したがって、VRAM28に記憶された観察画像のうち、新しい方から4枚の観察画像がハレーション有り画像であった場合、次のフレームでは治療光の照射が一時中断され、ハレーション無し画像が撮影される。これにより、PDTによる治療中であっても、VRAM28には少なくとも1枚のハレーション無し画像が必ず記憶される。
図4に示すように、減光フィルタ85は、励起光の波長λ1の近傍と治療光の波長λ2の近傍で透過率が低く、その他の波長の光はほぼ100%透過する。減光フィルタ85は、励起光の波長λ1の近傍で透過率が低い第1のノッチフィルタと、治療光の波長λ2の近傍で透過率が低い第2のノッチフィルタを重ねて作製される。このため、励起光の波長λ1の透過率は、PDD時に用いる励起光の光量と発生する蛍光光とに応じて、治療光λ2の透過率はPDT時に用いる治療光の光量に応じて、各々定められる。なお、ここでは2種のノッチフィルタを組み合わせる例を説明したが、減光フィルタ85は、励起光と治療光を減光させることができれば良いので、光学薄膜等の具体的な構成は任意に定めることができる。

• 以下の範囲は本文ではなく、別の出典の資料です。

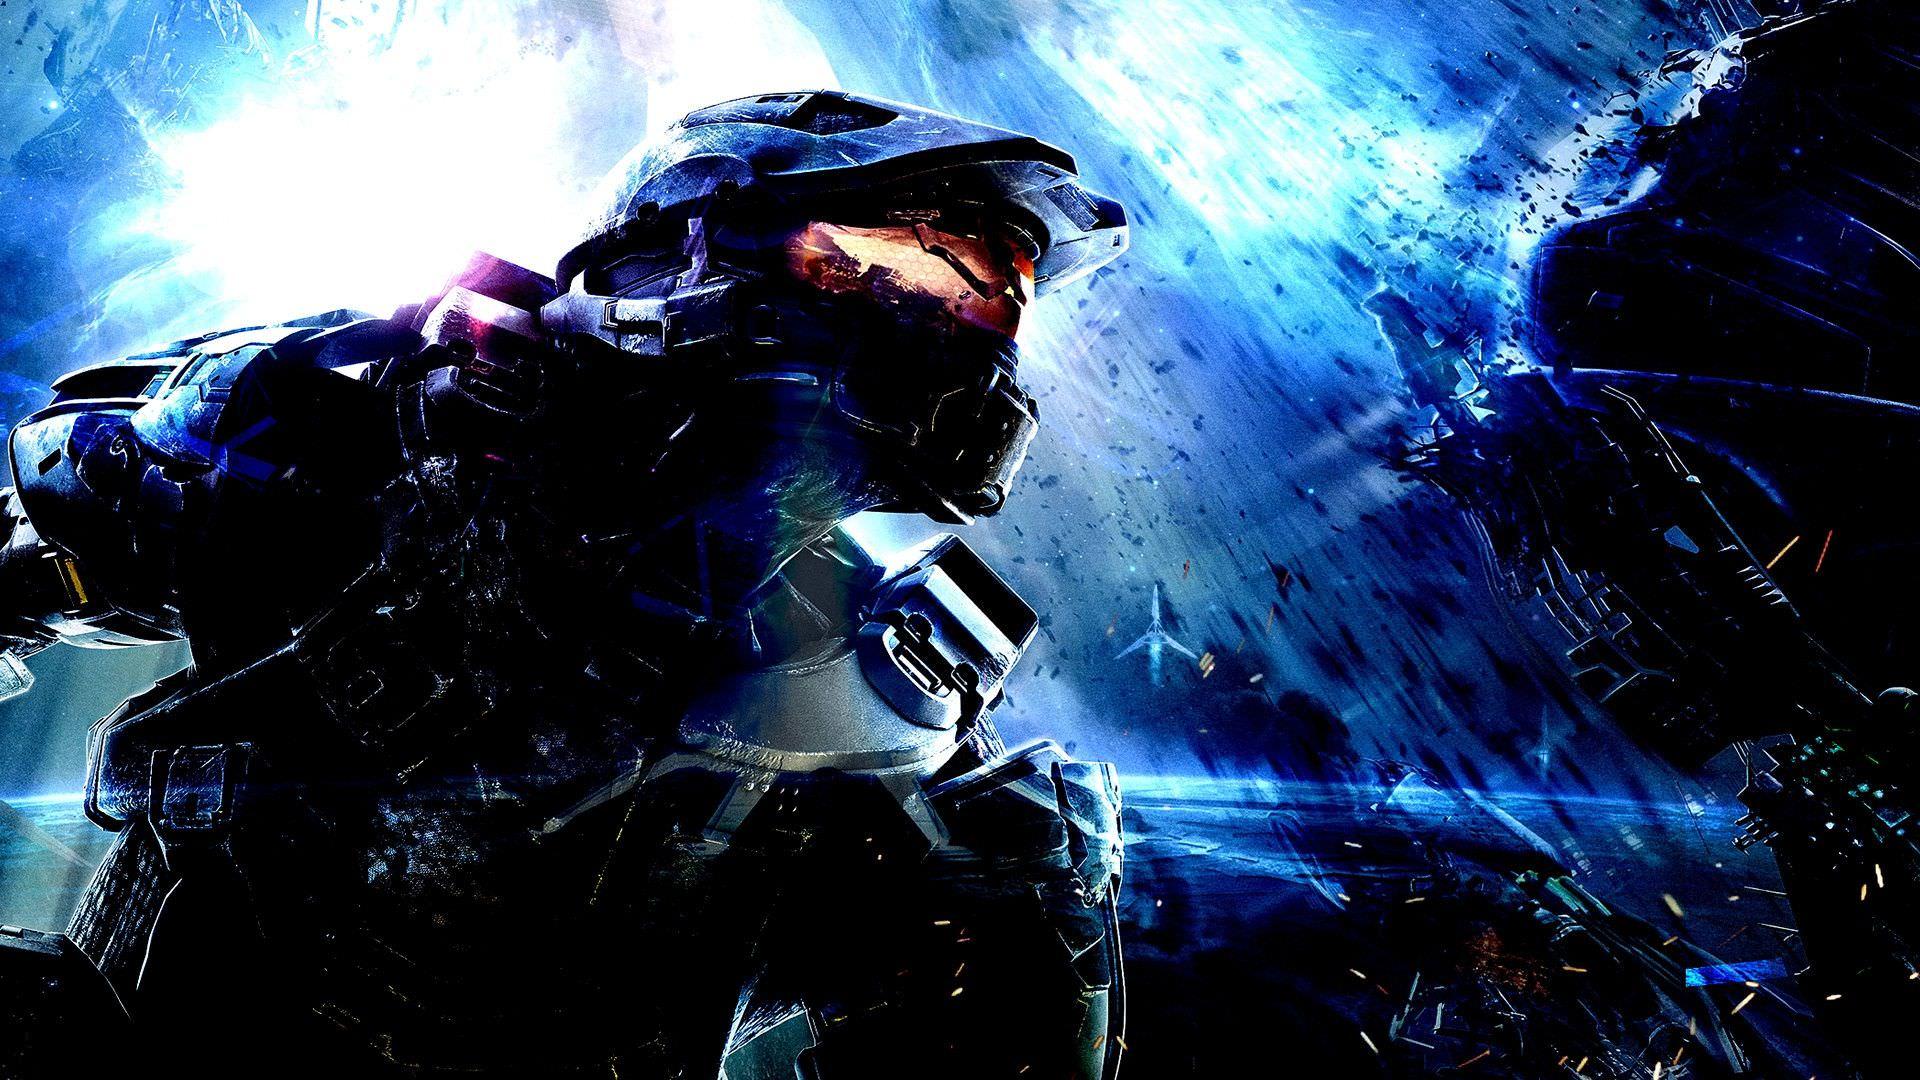 Halo 4 Desktop Wallpaper

上述のように構成される電子内視鏡システム11の作用を説明する。電子内視鏡システム11によってPDD及びPDTを行う場合、術者は、前もって被検者に光感受性物質を投与する。光感受性物質の投与後、一定の時間が経過し、光感受性物質が腫瘍組織に十分に蓄積し、検査及び治療を開始する際には、術者は電子内視鏡12とプロセッサ装置13及び光源装置14を接続し、プロセッサ装置13及び光源装置14の電源をオンにする。また、治療プローブ73の基端部分を光源装置14に接続するとともに、治療プローブ73の先端を鉗子口74から電子内視鏡12に挿通する。そして、操作部51を操作して、被検体に関する情報等を入力するとともに、先端部20にフード81を取り付け、挿入部16を被検体内に挿入し、検査及び治療を開始する。挿入部16の挿入は、通常光を照明して被検体内を観察(以下、通常光観察という)しながら行われる。

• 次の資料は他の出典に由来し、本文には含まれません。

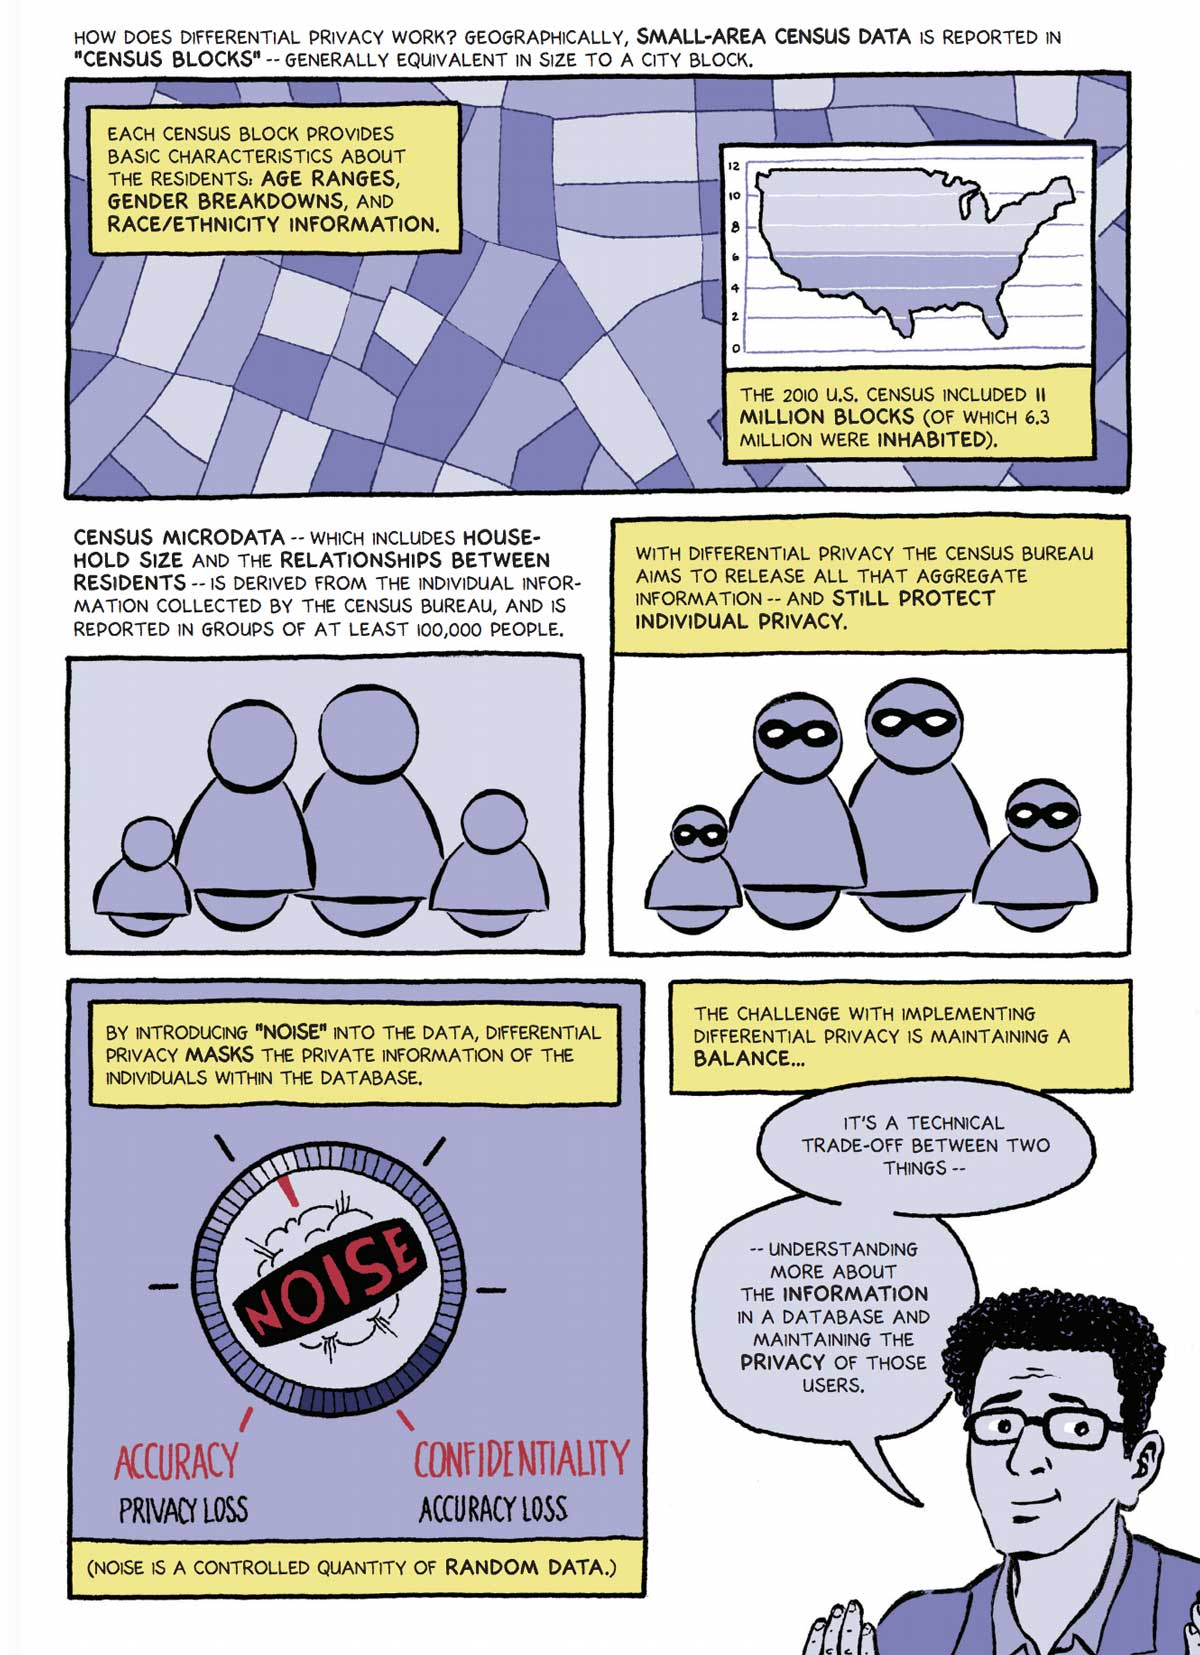 differential privacy explainer 2020 census

図5に示すように、先端部20が腫瘍組織近傍に到達したら、操作部17を操作して、観察方法を通常光観察からPDDに切り替える。操作部17によって通常光観察からPDDへの切り替え指示が入力されると、CPU41は、波長選択フィルタ65を回転させ、PDD用の励起光を被検体内に入射させる。これにより、モニタ22にはPDDによる観察画像(以下、PDD画像という)が表示される。励起光の照射によって光感受性物質から蛍光光が発生するため、PDD画像には光感受性物質が蓄積した腫瘍組織が写し出される。術者は、PDD画像を観察しながら、腫瘍組織の位置や大きさ、形状等を把握する(ステップS11)。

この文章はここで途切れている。